Yapılan birçok araştırmada %10’luk bir kilo kaybının bile kiloya bağlı hastalıkları iyileştirebildiği görülüyor. Bu kilo kaybı sırasında uygulanacak beslenme stratejileri de büyük önem taşıyor. Özellikle beslenme yetersizliği yapmayacak şekilde bir kalori kısıtlamasının uzun yaşama çalışmalarında çok etkili olduğu görülüyor. Mesela dünyanın en uzun yaşayan insanlarının (Okinowa Adası'ndaki yerliler) günümüz insanın üçte biri kadar kalori aldığı biliniyor.
Kalori kısıtlama yöntemlerinde, önerilen major besin gruplarının bir sistem halinde vücuda alınması öngörülüyor. Benim geliştirdiğim sayarak zayıflama sistemi kişinin yaşına, boyuna, kilosuna, eşlik eden hastalıklarına ve metabolizmasına göre tüm besin gruplarından ne kadar tüketmesi gerektiğini öğretiyor. Sayarak zayıflama yöntemi aslında bir kalori sayma yöntemi değil. Hangi besin grubundan ne kadar tükettiğinin farkındalığını gösteren bir sistem. Bu beslenmede kişi bütün besin gruplarından miktarı az ama çeşidi bol beslendiği için hiçbir vitamin, mineral, besin eksikliği yaşamıyor. Dünyada uzun yaşamanın sırrı olan kalori kısıtlaması yapmanın bir yöntemi olarak da sayarak zayıflama yöntemini düşünebiliriz.

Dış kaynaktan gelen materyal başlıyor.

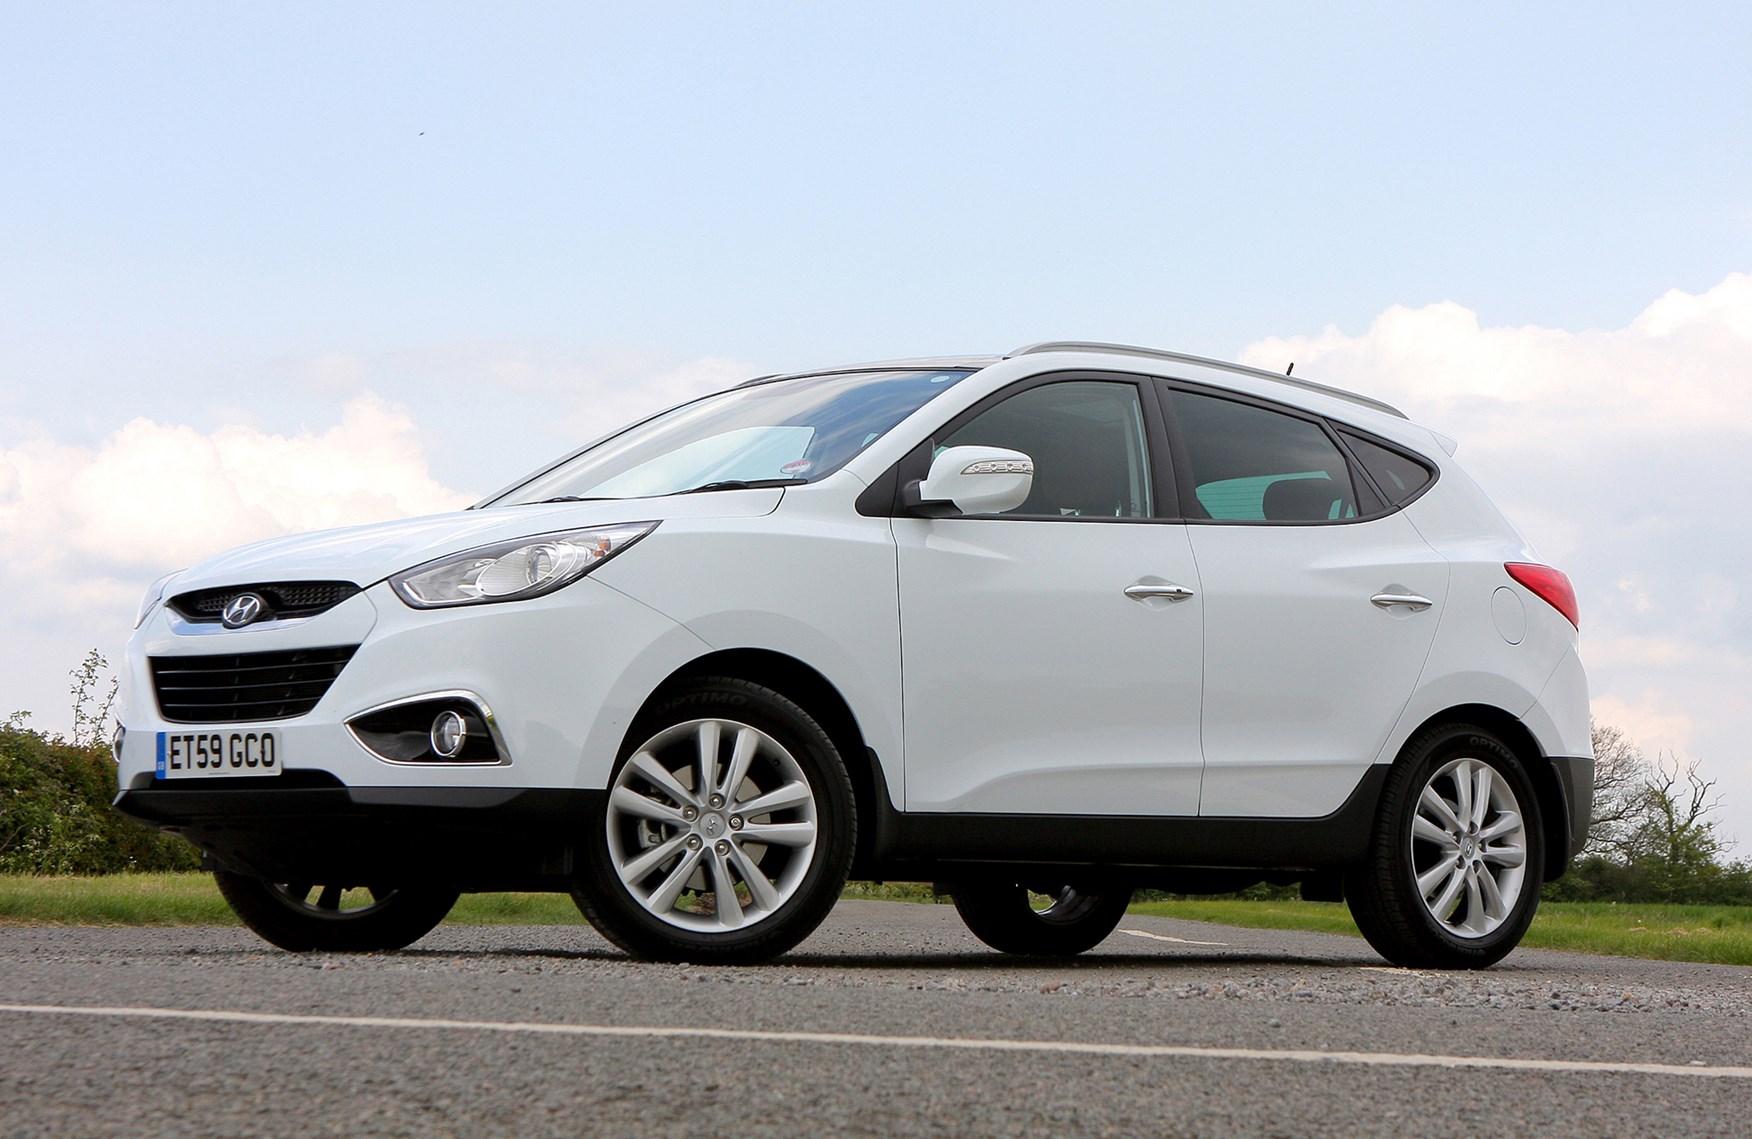 Hyundai Ix Used Cars For Sale Uk

Düşük kalorili ve dengeli beslenme
Kilo verme süreçlerinde her ne kadar kalori kısıtlamaları son derece gündemde olsa da bir başka nokta üzerinde de duruluyor: Mevcut alınan kalorilerin gün içindeki dağılımı ile kilo verme hızları arasındaki ilişki. Bununla ilgili İsrail’deki bir araştırma sonucu çok ilginç doğrusu. İki gruba ayrılan kilolu kadınlar 3 ay boyunca ortalama 1400 kalorilik bir diyete alınıyor. Birinci gruba toplam kalorinin %50’si sabah kahvaltıda, %36’sı öğlen yemeğinde, %14’ü akşam yemeğinde veriliyor. İkinci gruba ise toplam kalorinin %14’ü sabah, %36’sı öğlen, %50’si akşam veriliyor. Birinci grubun 3 ay sonra ortalama 10 kilogram verdiği, ikinci grubunsa sadece 5 kilogram verdiği görülüyor. Bel çevresindeki incelme birinci grupta 8.4 cm iken ikinci grupta 3.8 cm. Bütün kan değerleri birinci grupta daha iyi bir seyir gösteriyor. Özellikle kan insülin dalgalanmaları ve tokluk şekerleri birinci grupta daha iyi sonuç veriyor. Kuvvetli kahvaltı ve az akşam yemeğinin metabolik kontrol sürecini daha iyi hale getirdiği görülüyor.
Bu bağlamda düşük kalori ve sabah kahvaltısının akşam yemeğine göre daha yoğun olması, bel çevresinde daha fazla incelme yapabilir. Hem insülin direncini hem de insülin direncinin kardeşi olan kadınlardaki polikistik over sendromunun iyileşmesine daha fazla etkisi olabilir ve yumurtlama fonksiyonlarını iyileştirebilir.